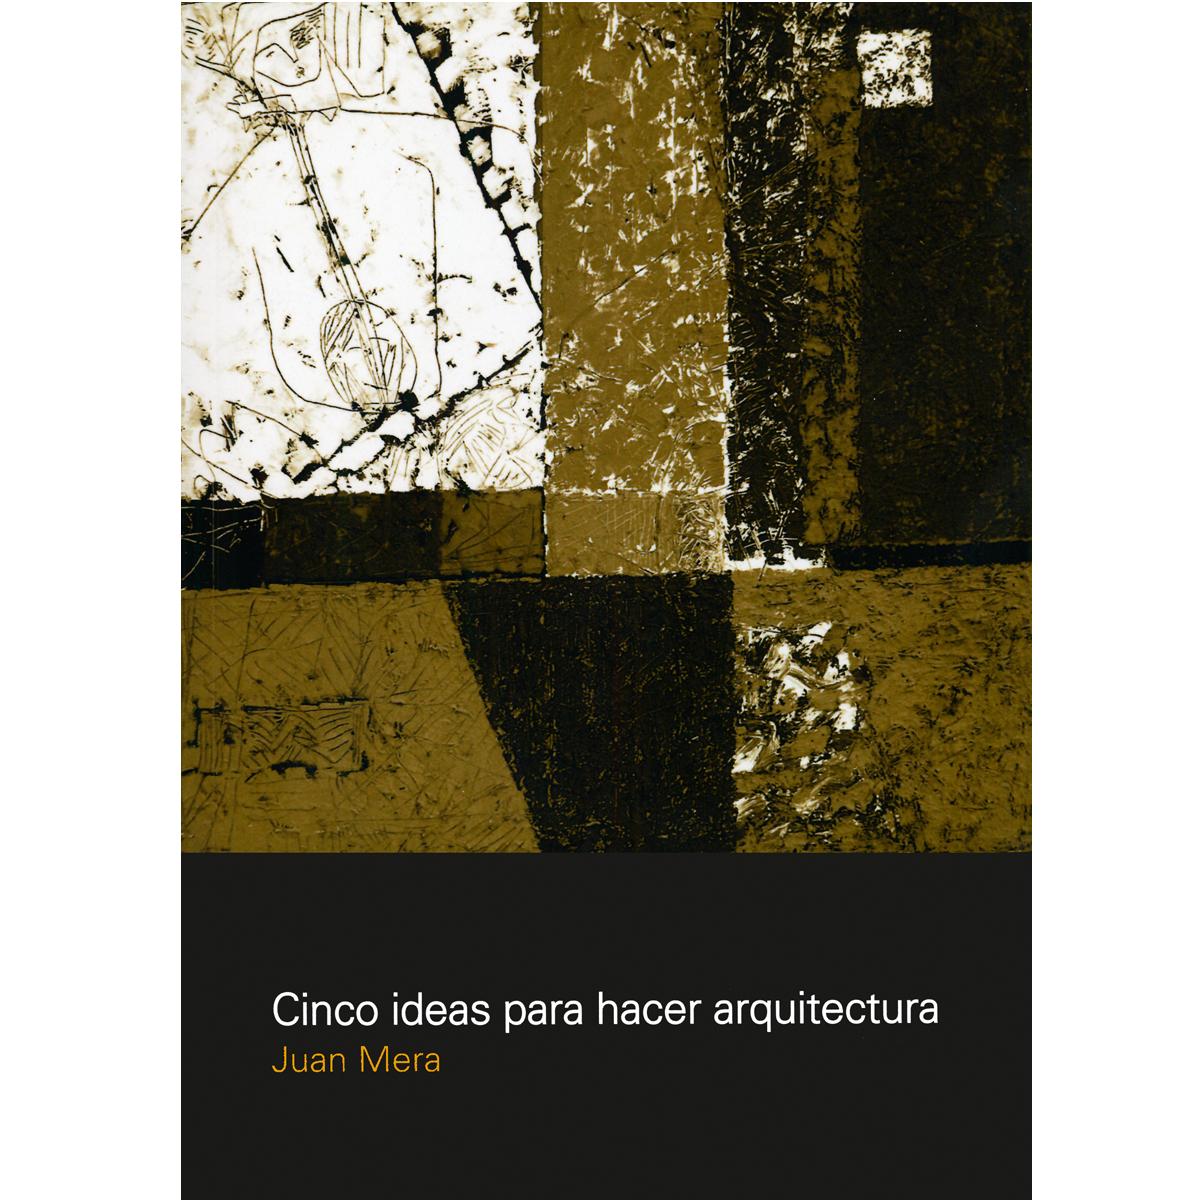 Cinco ideas para hacer arquitectura
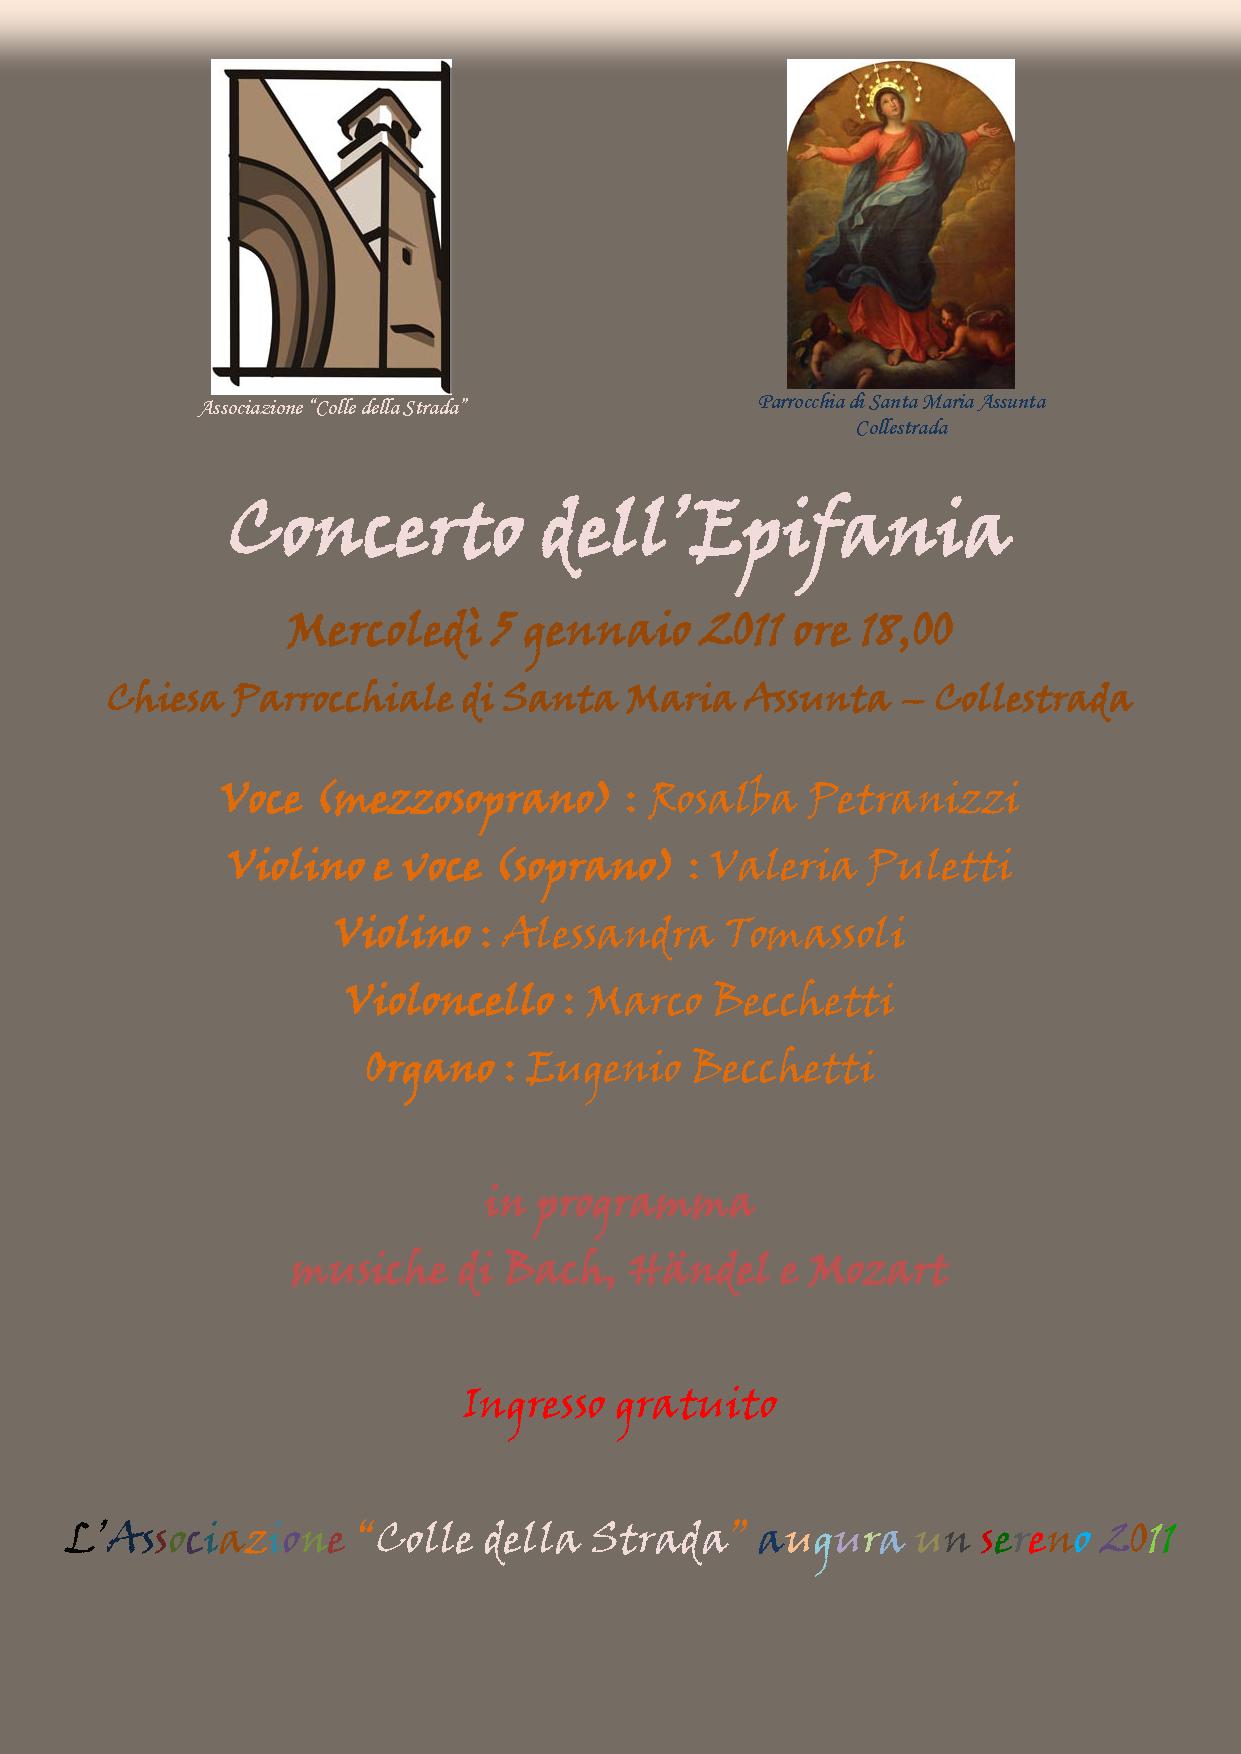 concerto_2011
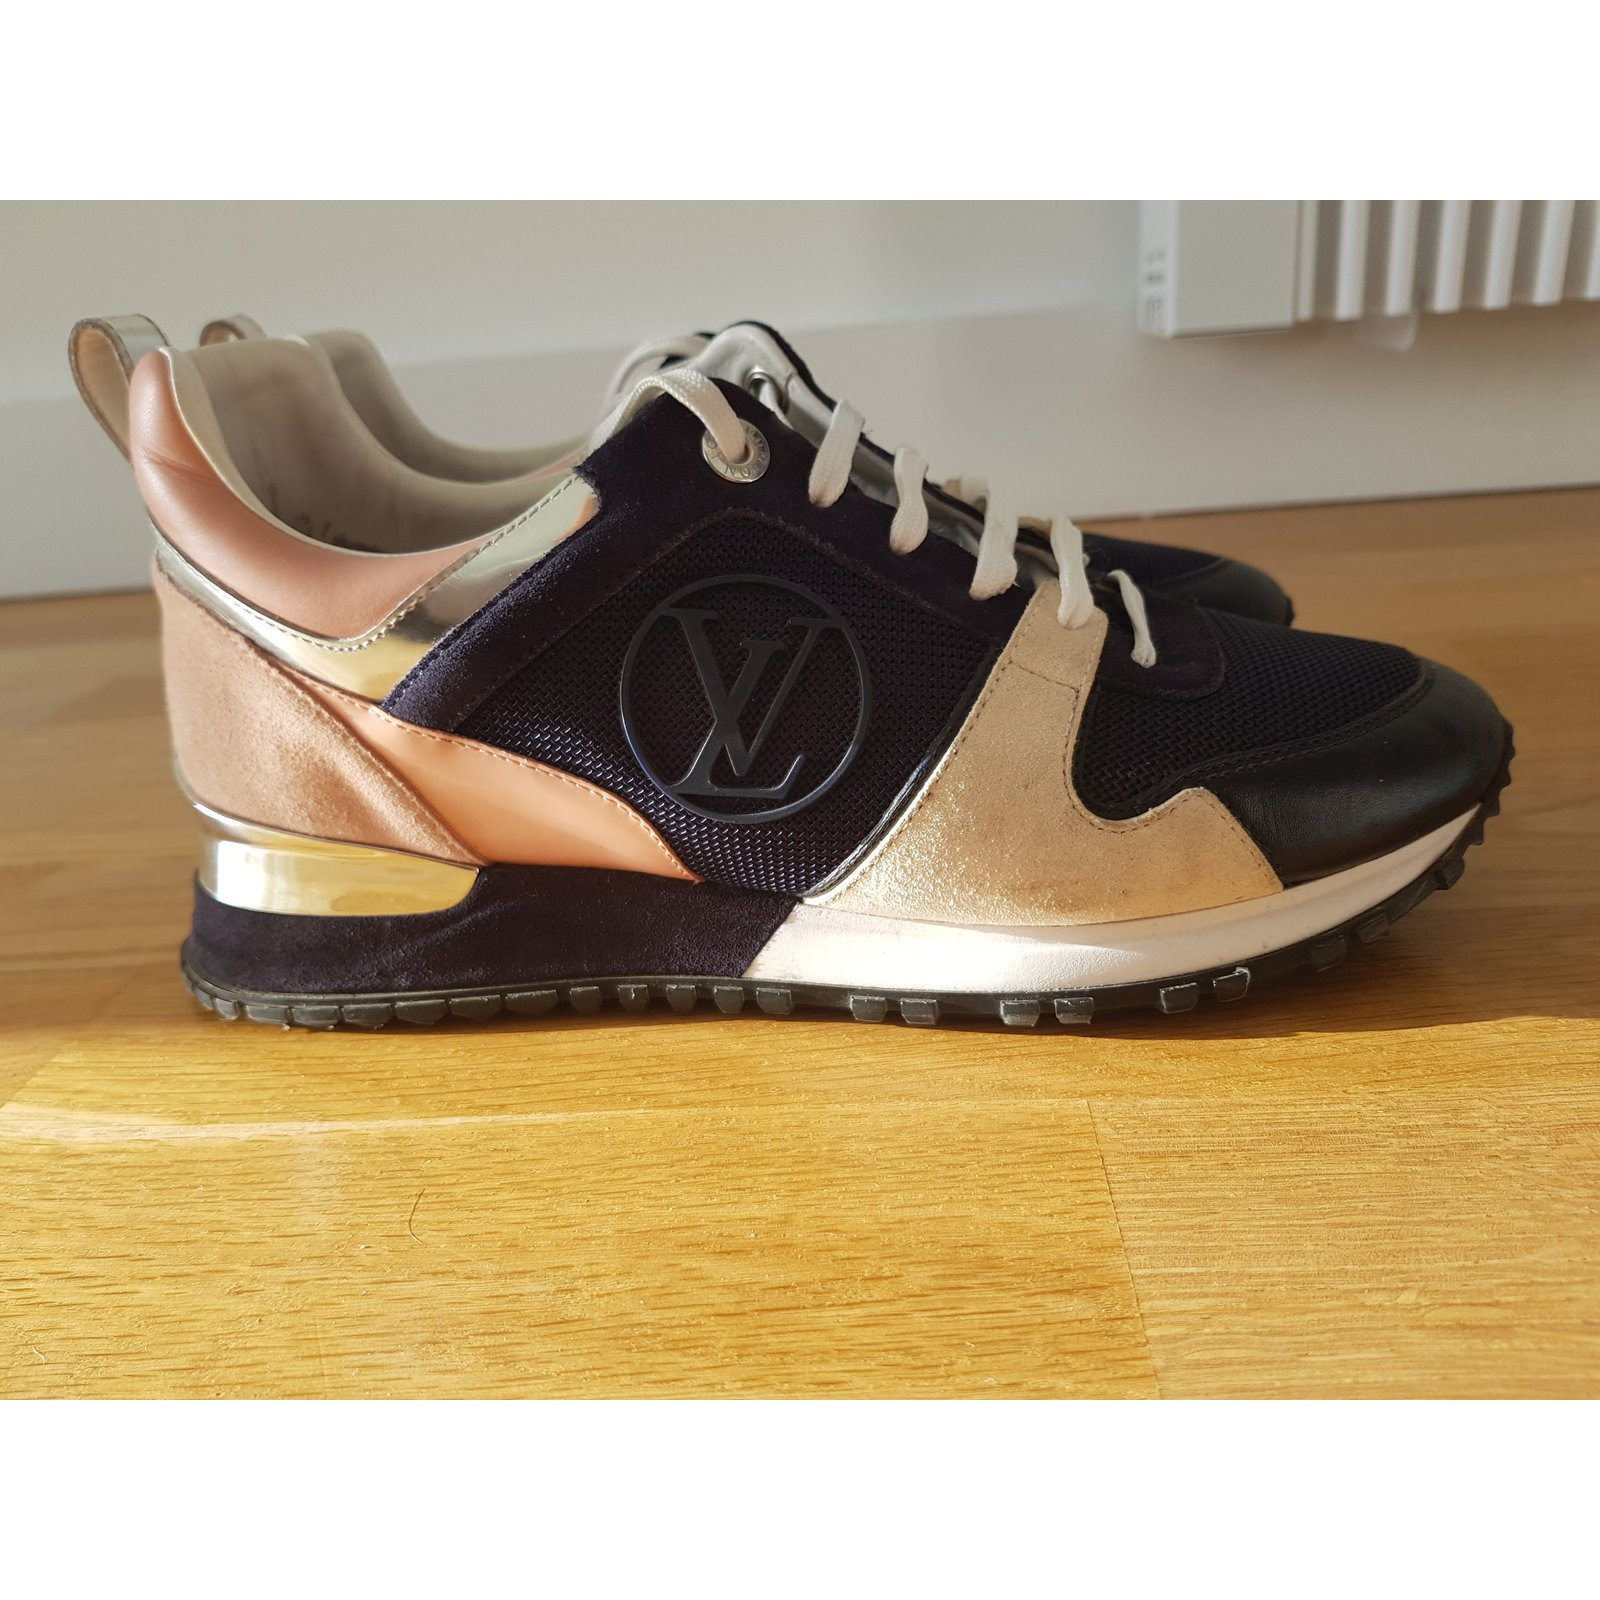 ff5da52498b Louis Vuitton Runaway trainers Sneakers Suede
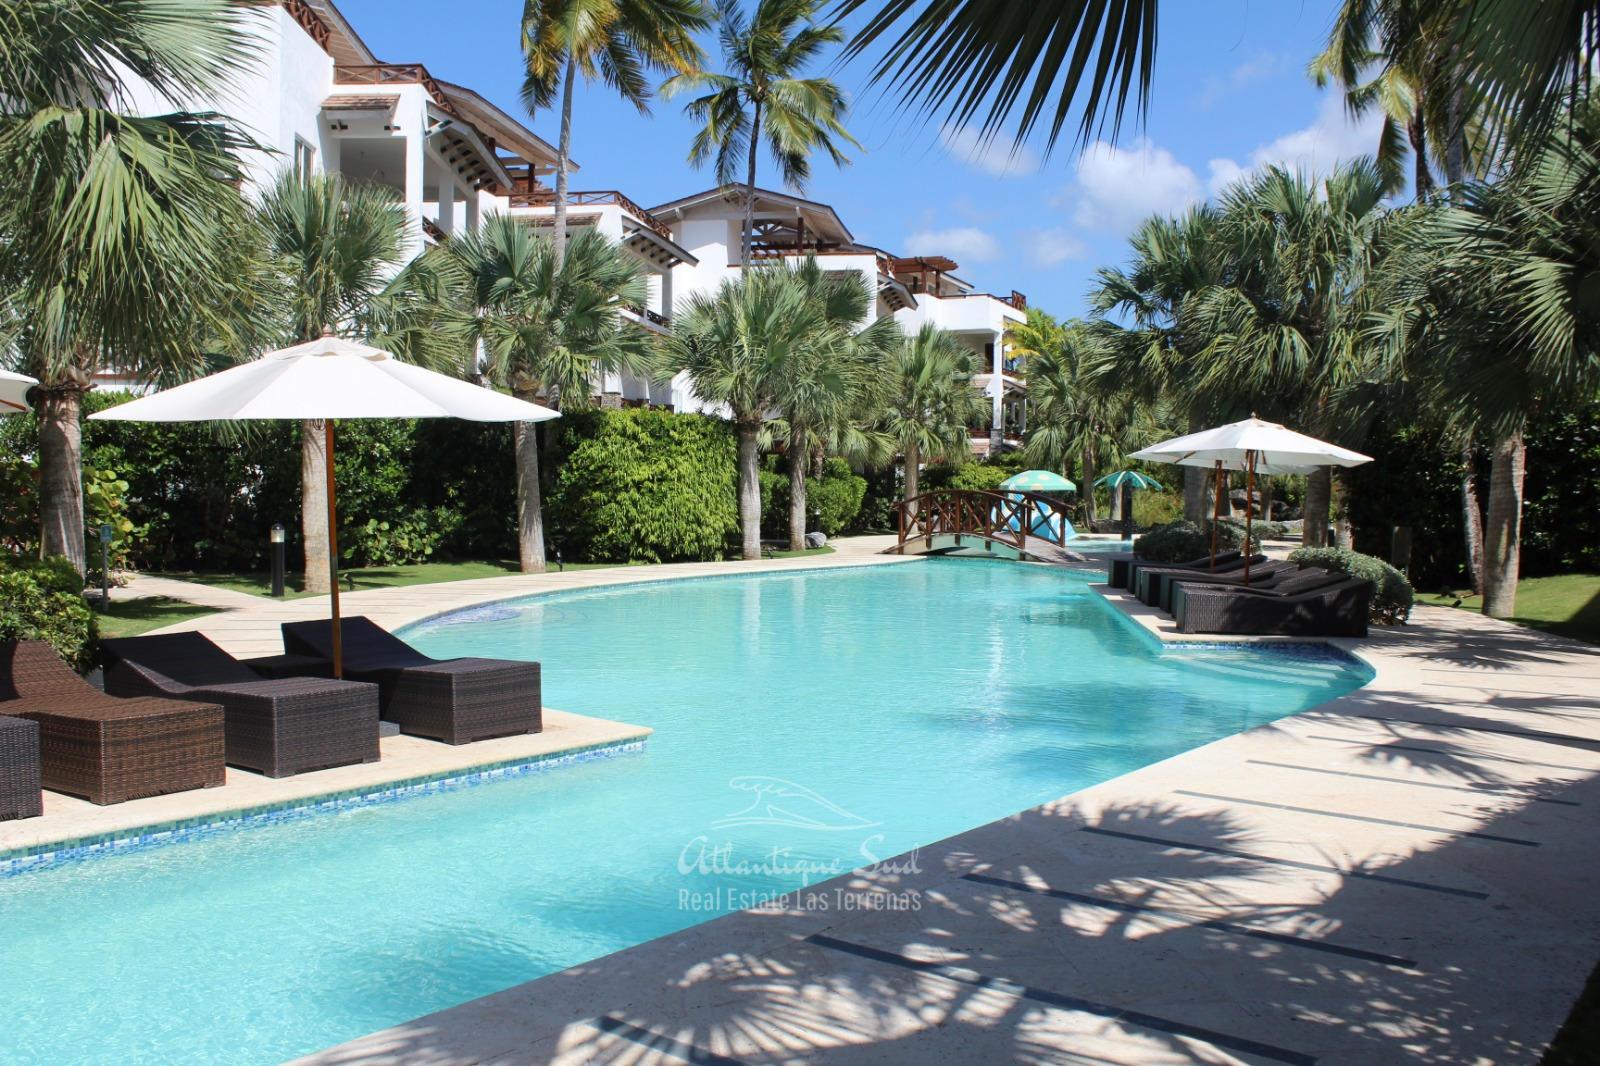 Apartments near the beach real estate las terrenas dominican republic 31 (2).jpg

......

- _Try it_
Return each line above exactly; any pictures are to be skipped.

- _Written reply_
 Cinco ideas para hacer arquitectura
 concerto_2011
 ff5da52498b Louis Vuitton Runaway trainers Sneakers Suede
 Apartments near the beach real estate las terrenas dominican republic 31 (2).jpg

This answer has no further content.